Il y a dans le silence des classes africaines, un écho subtil qui traverse les générations. C’est la voix du maître corrigeant un élève: « Non, on ne dit pas ça comme ça. » Et dans ce « comme ça », se cache tout un monde, celui où parler la langue du colon avec l’accent du colon est devenu un signe d’élévation. Depuis trop longtemps, l’Afrique porte ce complexe linguistique comme un vêtement mal cousu, hérité d’une histoire qui ne lui appartenait pas vraiment.
Lorsque les Européens ont imposé leurs langues, ils n’ont pas seulement apporté des mots. Ils ont imposé une hiérarchie: celle des sons et des voix. Le français, l’anglais, le portugais ont été hissés au sommet comme symboles de « civilisation », tandis que les langues africaines ont été reléguées au rang de dialectes « locaux », « informels », voire « arriérés ». Ainsi, parler « bien », c’est-à-dire sans accent, sans faute, avec cette musicalité étrangère, est devenu un symbole de respectabilité. Et petit à petit, l’Africain s’est mis à vouloir effacer son accent comme on efface une tache, sans voir que c’est là toute la couleur de son identité.
Mais qu’est-ce qu’un « bon français » ? Qu’est-ce qu’un « anglais parfait »? Ces notions n’existent que dans l’esprit de ceux qui ont accepté que la norme se trouve ailleurs. L’Africain qui se bat pour parler sans accent oublie souvent que l’accent n’est pas une faute, mais une empreinte. C’est la trace de sa terre, de sa culture, de sa bouche façonnée par des langues multiples, riches, vivantes.
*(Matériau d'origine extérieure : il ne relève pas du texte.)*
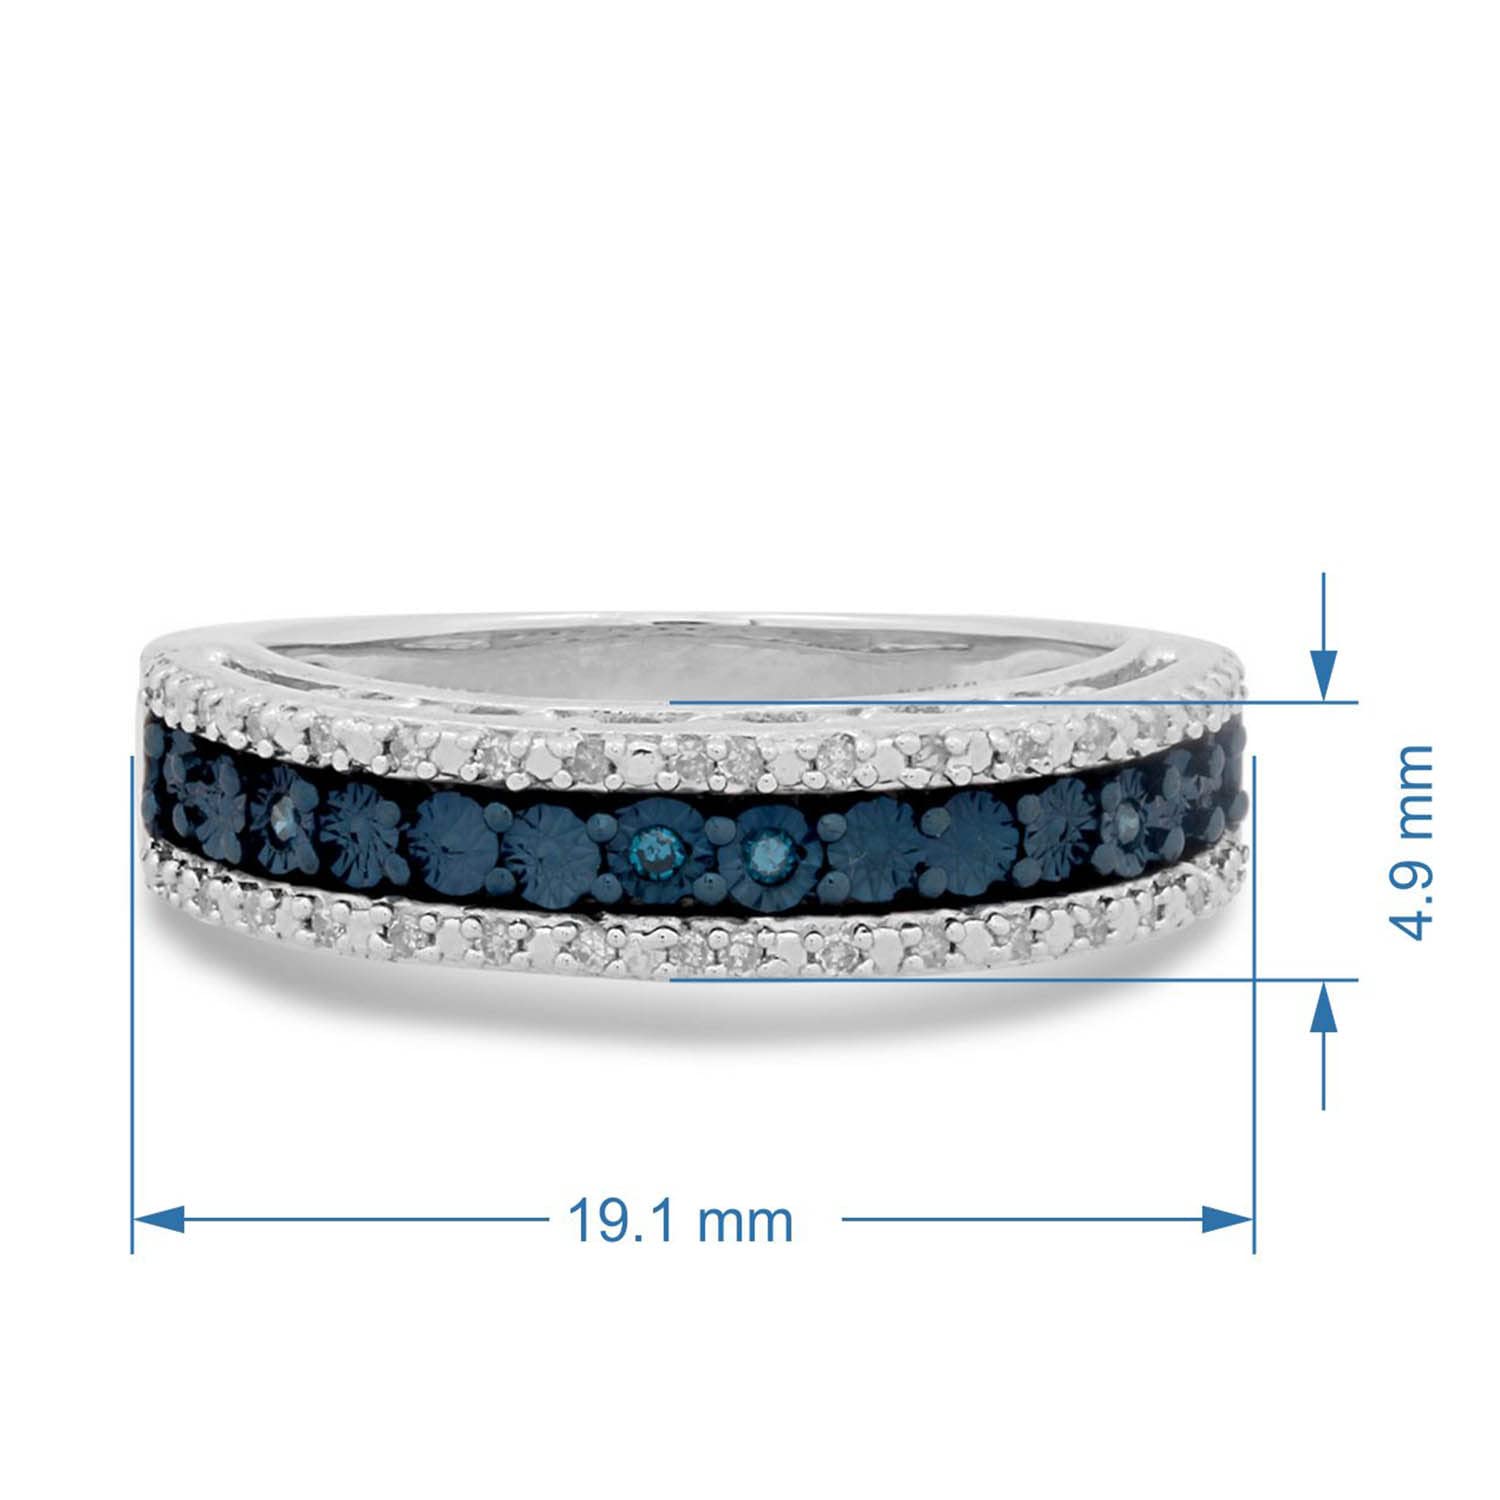 Jewelili Sterling Silver 1/10 Cttw Natural Miracle Plated Blue and White Round Diamond Anniversary Ring
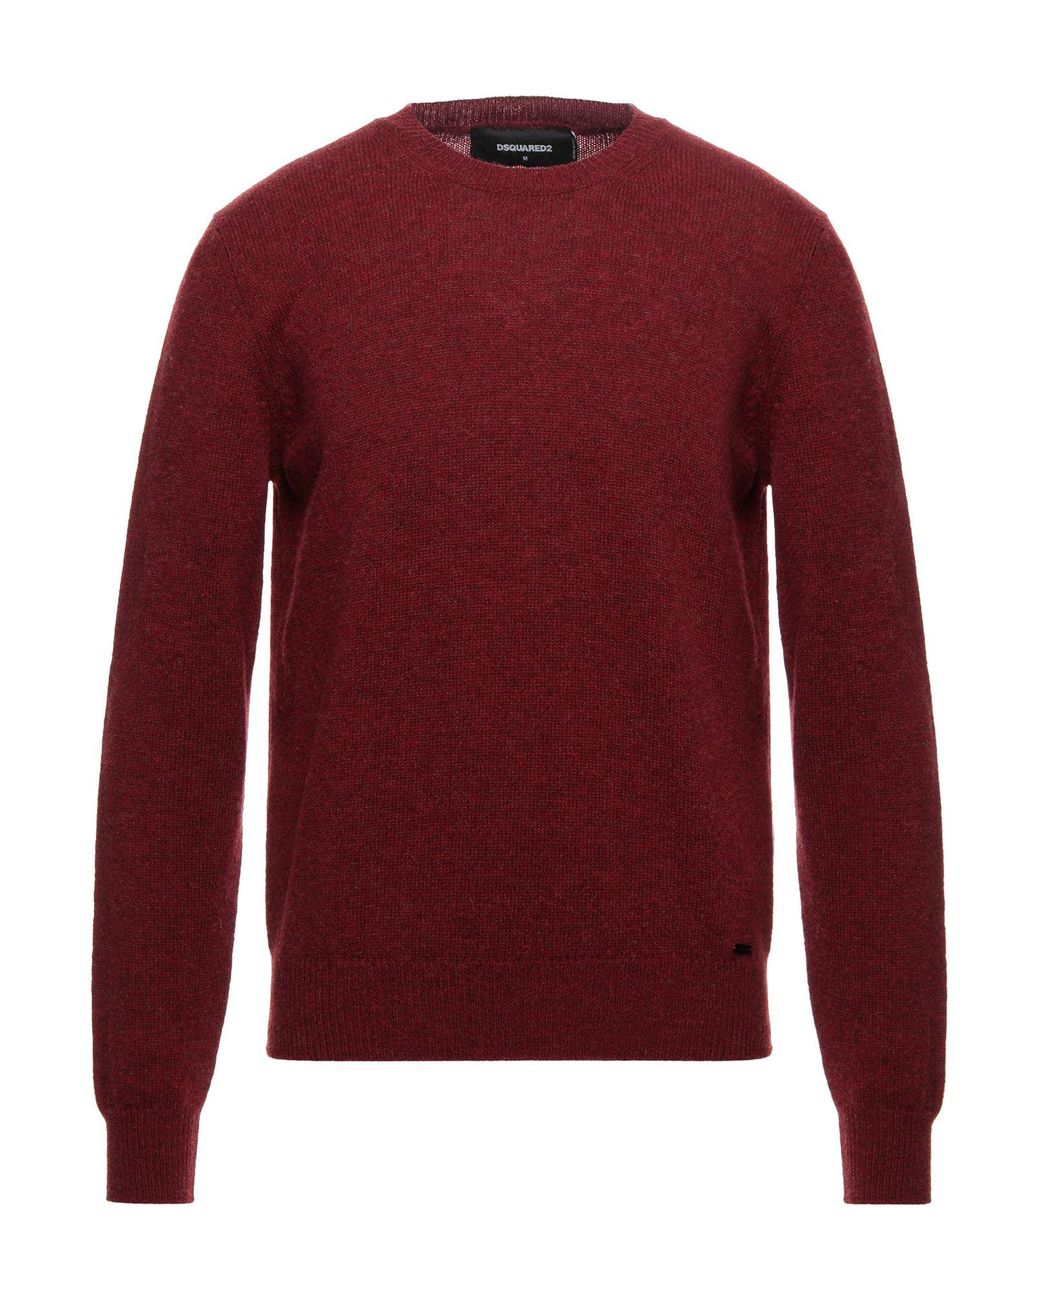 DSquared² Wool Jumper in Maroon (Red) for Men - Lyst

Pendant ce temps, l’Occidental qui massacre nos prénoms, qui écorche nos langues, n’en ressent aucune honte. Il n’a pas besoin de parler « comme nous », car le monde a déjà placé sa voix au centre.
Ce complexe n’est pas qu’une question de langue. C’est une blessure identitaire. Il révèle à quel point le colon a fait de la parole, un terrain de domination. Nos ancêtres ont été forcés de se taire, puis contraints de parler autrement. Et aujourd’hui encore, nous continuons parfois à chercher dans l’intonation de l’autre une validation de notre valeur. Nous nous jugeons à travers l’oreille de l’étranger, oubliant que la beauté d’une langue réside dans sa diversité de sons.
Il est temps de se réconcilier avec nos accents. De les porter avec la fierté de ceux qui savent d’où ils viennent. Un accent africain, c’est le chant du fleuve Mono, la respiration d’Abidjan, de Dakar, c’est la douceur du crépuscule du Bénin, du Burkina Faso, d’Accra ou de Lomé. C’est une mélodie et non une erreur. Et si le monde veut vraiment entendre l’Afrique, qu’il apprenne à écouter notre manière de dire le monde, pas seulement à corriger notre prononciation.
Les nouvelles générations le comprennent mieux: elles jonglent entre le français, l’anglais, le fon, le dioula, le mooré, le mina, le twi, le wolof, etc… Elles créent des ponts et non des murs. Elles rappellent que parler plusieurs langues, avec plusieurs accents, c’est une richesse et non une faute. Car la langue est un territoire et chaque accent en est une frontière poétique.
Alors non, nous ne devons plus vouloir parler « comme les Occidentaux ». Nous devons vouloir parler comme nous-mêmes, avec nos nuances, nos respirations, nos rythmes. Car dans chaque accent africain résonne une promesse: celle d’un continent qui refuse enfin de se taire et qui choisit de parler dans sa propre lumière.